05 November 2008

Corollary

More reminders that with the human heart, when one bitterness or fear or anxiety leaves, another one (or two or seven) will simply come and fill in the vacuum. One idol for another, unless it experiences what 19th-century Scottish theologian Thomas Chalmers called "The Expulsive Power of a New Affection"--something else greater and more true and more beautiful for a changed heart to seize upon and be captivated by. Some excerpts from Chalmers' text:

There is not one of these transformations in which the heart is left without an object. Its desire for one particular object may be conquered; but as to its desire for having some one object or other, this is unconquerable. Its adhesion to that on which it has fastened the preference of its regards cannot willingly be overcome by the rending away of a simple separation. It can be done only by the application of something else, to which it may feel the adhesion of a still stronger and more powerful preference. Such is the grasping tendency of the human heart, that it must have a something to lay hold of--and which, if wrested away without the substitution of another something in its place, would leave a void and a vacancy as painful to the mind as hunger is to the natural system. It may be dispossessed of one object, or of any, but it cannot be desolated of all. The heart must have something to cling to--and never, by its own voluntary consent, will it so denude itself of its attachments that there shall not be one remaining object that can draw or solicit it.

In a word, if the way to disengage the heart from the positive love of one great and ascendant object is to fasten it in positive love to another, then it is not by exposing the worthlessness of the former, but by addressing to the mental eye the worth and excellence of the latter, that all old things are to be done away and all things are to become new.

The love of God and the love of the world, are two affections, not merely in a state of rivalship, but in a state of enmity--and that so irreconcilable that they cannot dwell together in the same bosom. We have already affirmed how impossible it were for the heart, by any innate elasticity of its own, to cast the world away from it and thus reduce itself to a wilderness. The heart is not so constituted; and the only way to dispossess it of an old affection is by the expulsive power of a new one.

Also, my friend Beth reminds me where my center is and where power and love truly reside.

03 November 2008

Stumbling & Fumbling

"As long as your cry for relief is louder than your cry for a changed heart, you'll never mature as a man." (Dr. Dan Allender)

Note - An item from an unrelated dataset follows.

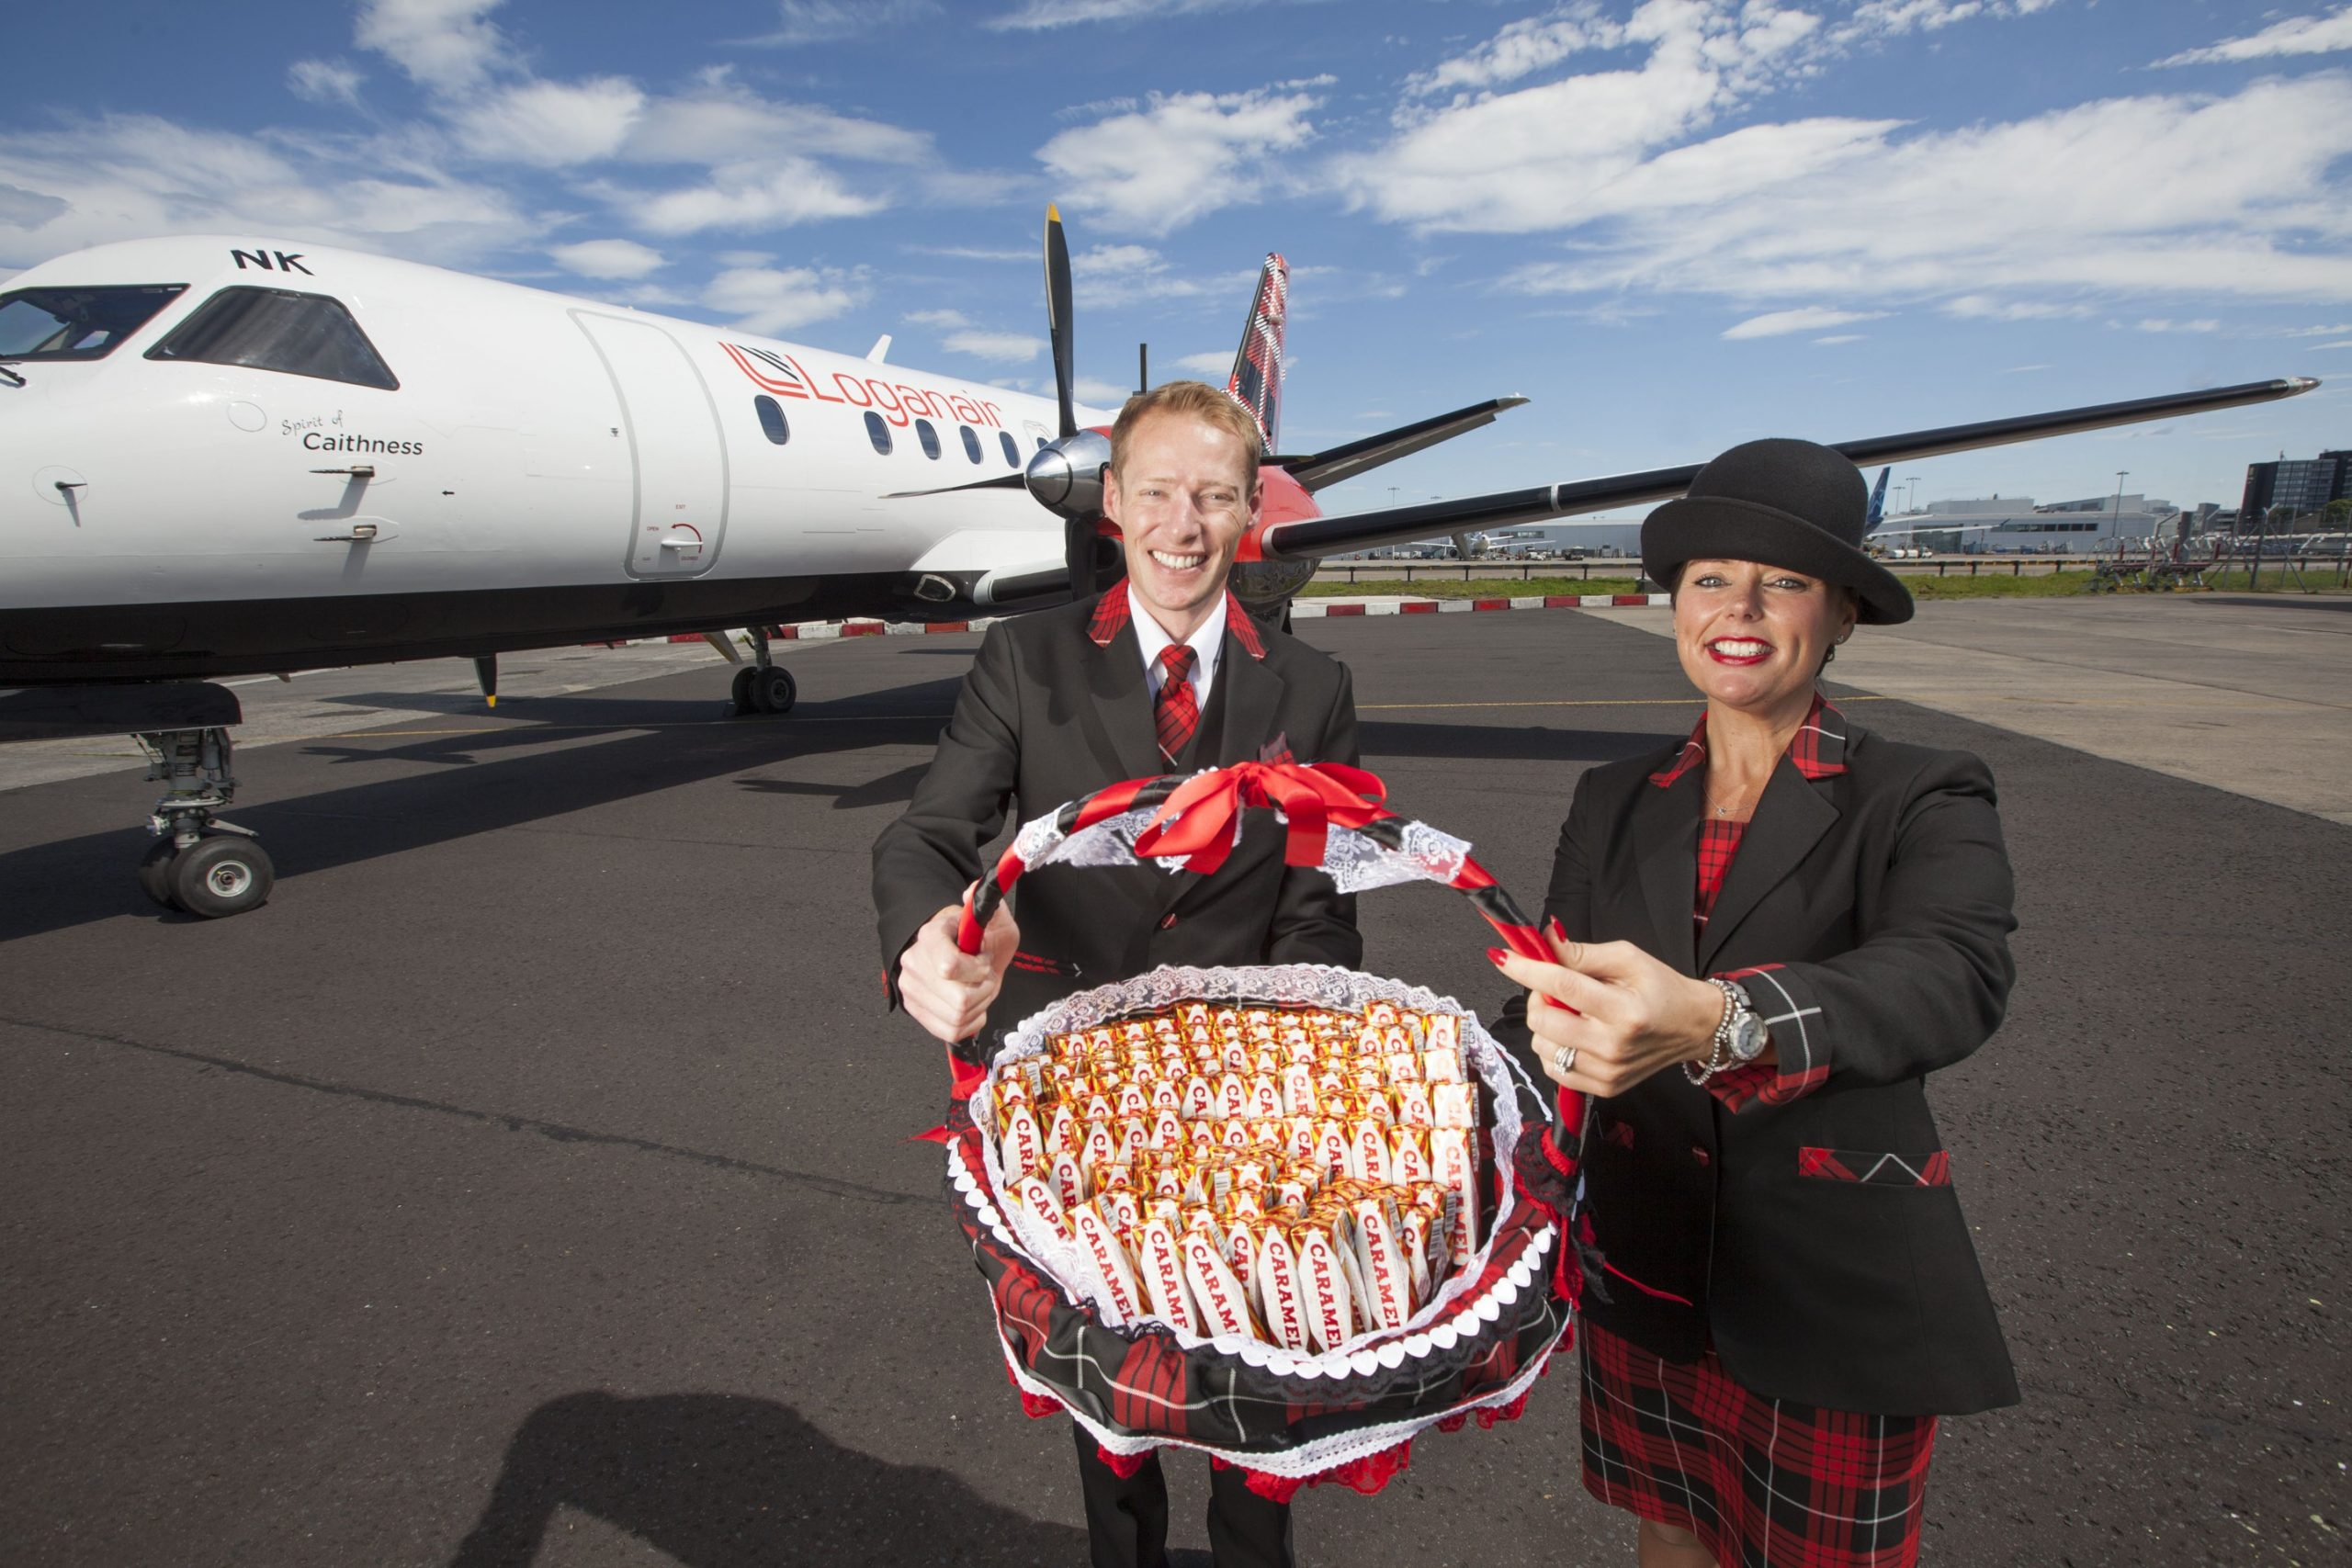 June take off for Carlisle airport

That was one of the "Reflection and Preparation" quotes on the first page of the church bulletin yesterday. How true. I've cried for relief far more often this year than I've prayed for a changed heart. The bad news of my life speaks more loudly, eloquently, and persistently to me than the Good News does beautifully or consistently. It would be nice to have a more than just a couple days in a row of simply resting in the joy of Christ before the next round of whatever it may be.

I need the discipline of looking to Jesus at every moment and reminding myself of God's true character, of perpetual repentance and dying to self over and over again, stripping off my self-right and my porcupine hard-heartedness, my idolatry of false saviors.

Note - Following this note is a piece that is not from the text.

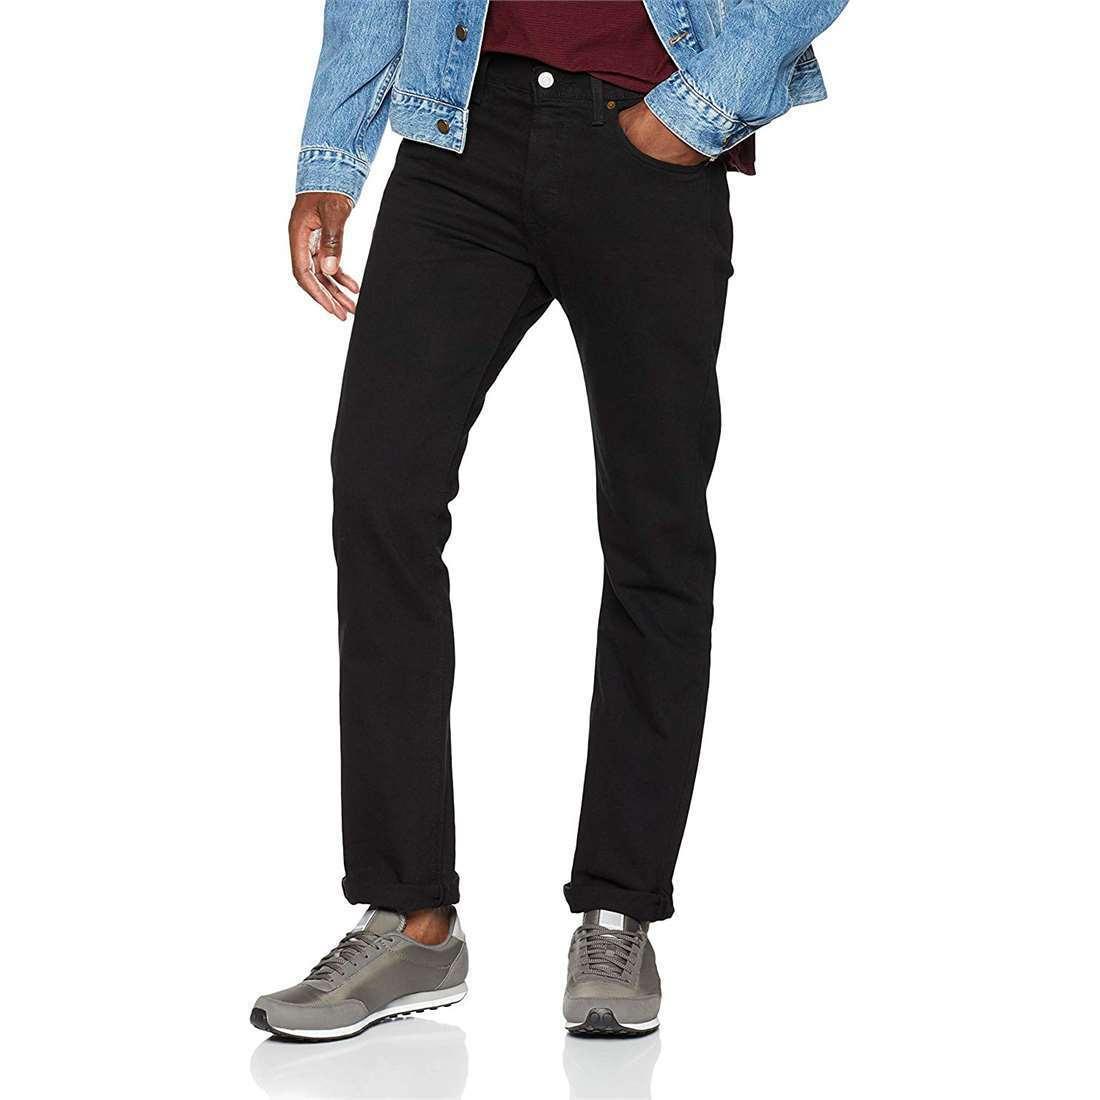 822e47cd897 Levi's Mens 501 Original Fit Jeans - Polished Black 38x30 30 Regular for  sale online | eBay

Towards the end of his sermon yesterday, our pastor reminded us that a phoenix rises from the ashes--not from a burned out stump or a partial loss, but from total ashes. We don't just need something to cover up the blackened spots or to build up from the hollowed out shell. We need a brand new thing.

It's getting dark even earlier now after daylight savings time ended this past weekend, and there'll be shorter and shorter days for another month and a half before things start slowly going the other direction. Heading into winter now, as much as I might want immediate changes in my external circumstances--something that I've thought about for a couple months now in terms of moving to a new city, something which may happen in a year or never--what I need right now regardless is a changed heart. From a heavy heart to one that believes in the abiding reality of joy. That promise of being in Christ and being a new creation. I am tired of me, and I am crying for a changed heart.